My latest love affair commenced on Christmas Day; one that unexpectedly, though pleasantly, continued through the ensuing days and weeks into January. Not often am I so openly expansive about my personal life, but at times it helps to share with others. This is one of those “times”. Utterly beyond my control, I lost my heart to a special character who, with little warning, entered my life; albeit too briefly. Henceforth, however, his presence shall remain long in my memory. For those few precious weeks he shared my life, my bed; almost all of my waking hours and thoughts. With the passing of each day his grip upon my heart grew stronger and stronger until one fateful day in late January his personal “Angel of Death” swooped down, whisking him away to a place unknown.
Like a deluge, a torrent of tears cascaded down my face. My heart wrenched at his loss; at my loss. My days grew dispiritedly long; my nights despairingly longer.

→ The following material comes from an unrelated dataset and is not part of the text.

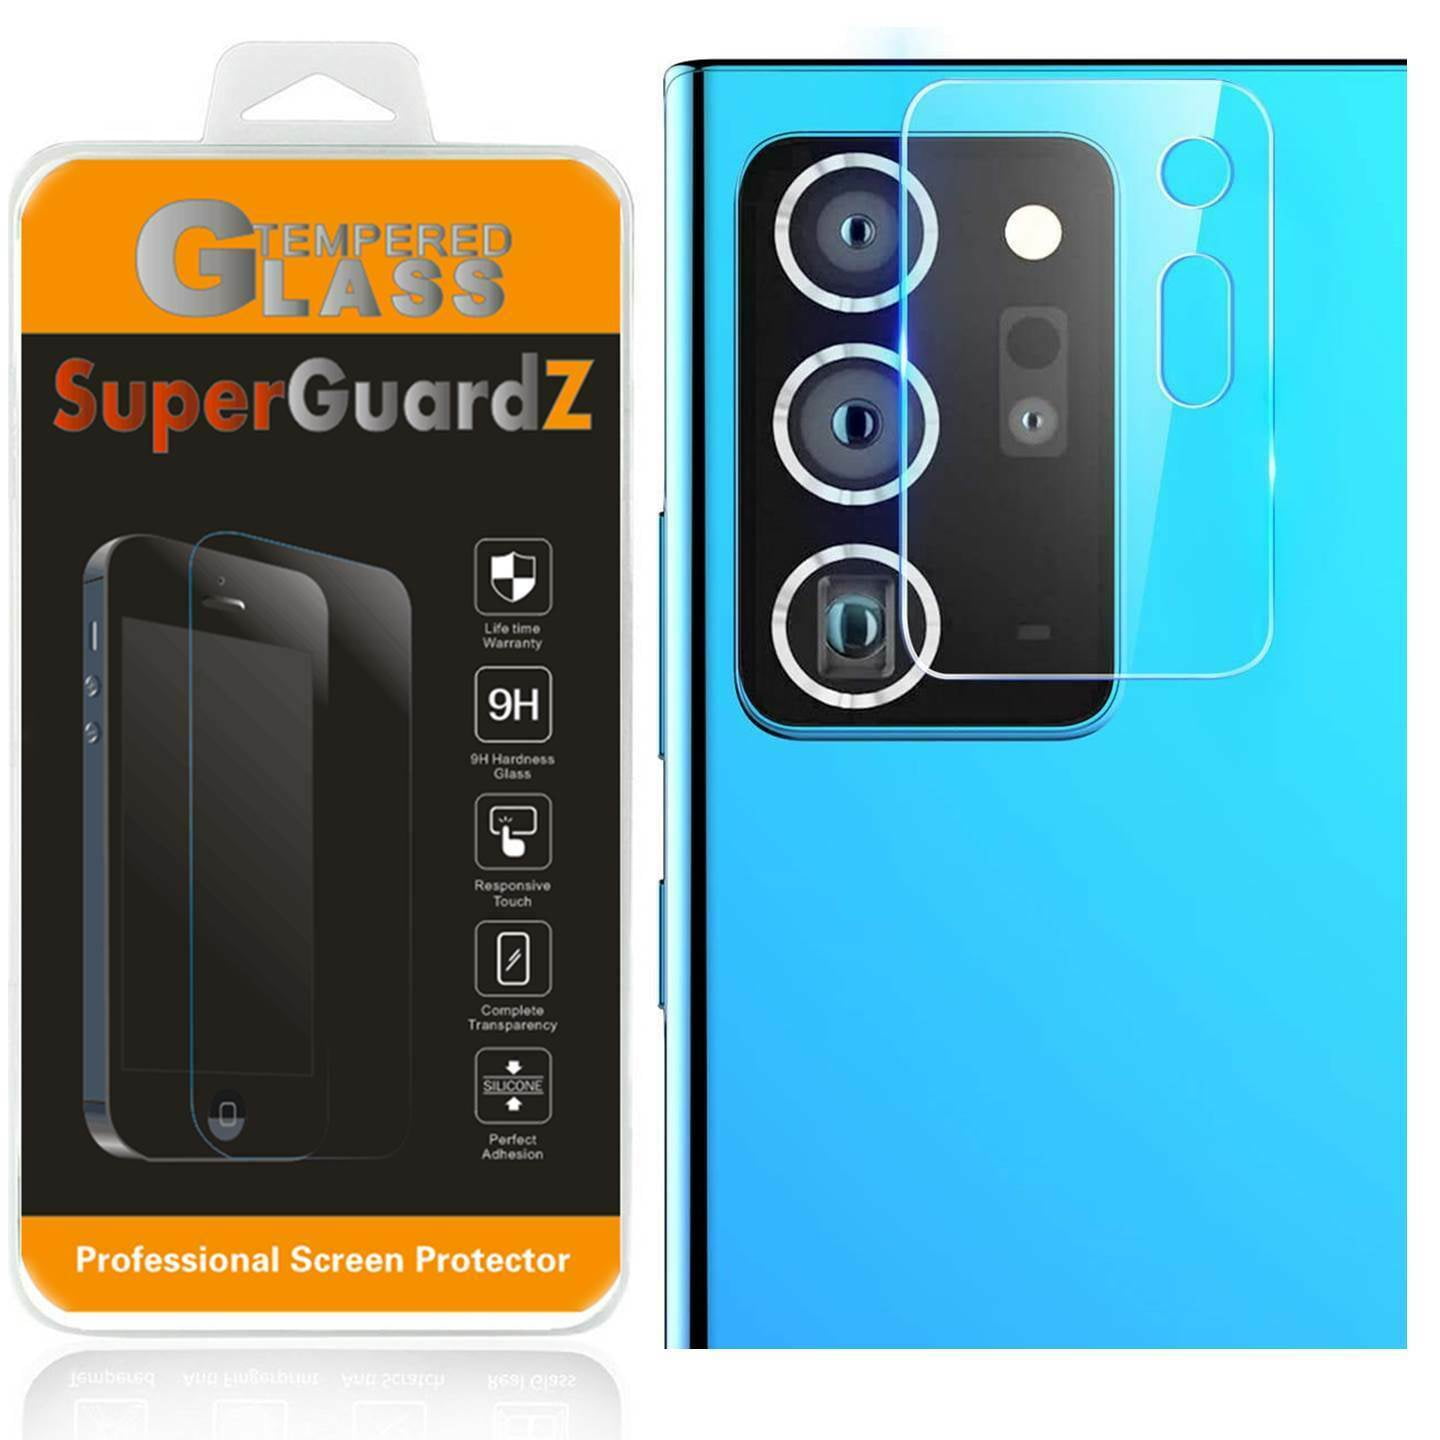 Galaxy Note 20 Ultra Screen Protector Include 2 Pack Tempered Glass Screen Protector 2+2 Pack 2 Pack Tempered Glass Camera Lens Protector,3D Curved,HD Clear,Anti-Scratch for Galaxy Note 20 Ultra 5G

It’s with heart-felt gratitude that I embrace deservedly acclaimed author Colin Dexter for introducing me to the complicated, intriguing machinations of the mind and life of “Chief Inspector Morse”. Of course, like a myriad others, I fell under “Morse’s” spell (expertly portrayed by John Thaw) in the television series, but Dexter’s skilful ability as a dexterous wordsmith and crafty story-teller transports the reader far beyond the realms of television. Now I look around me like a child lost, in a quandary wondering what next I’ll read. Who, pray tell, will be the future plunderer of my heart? There is room enough on my bedside table for another, or Morse…oops…I mean “more”!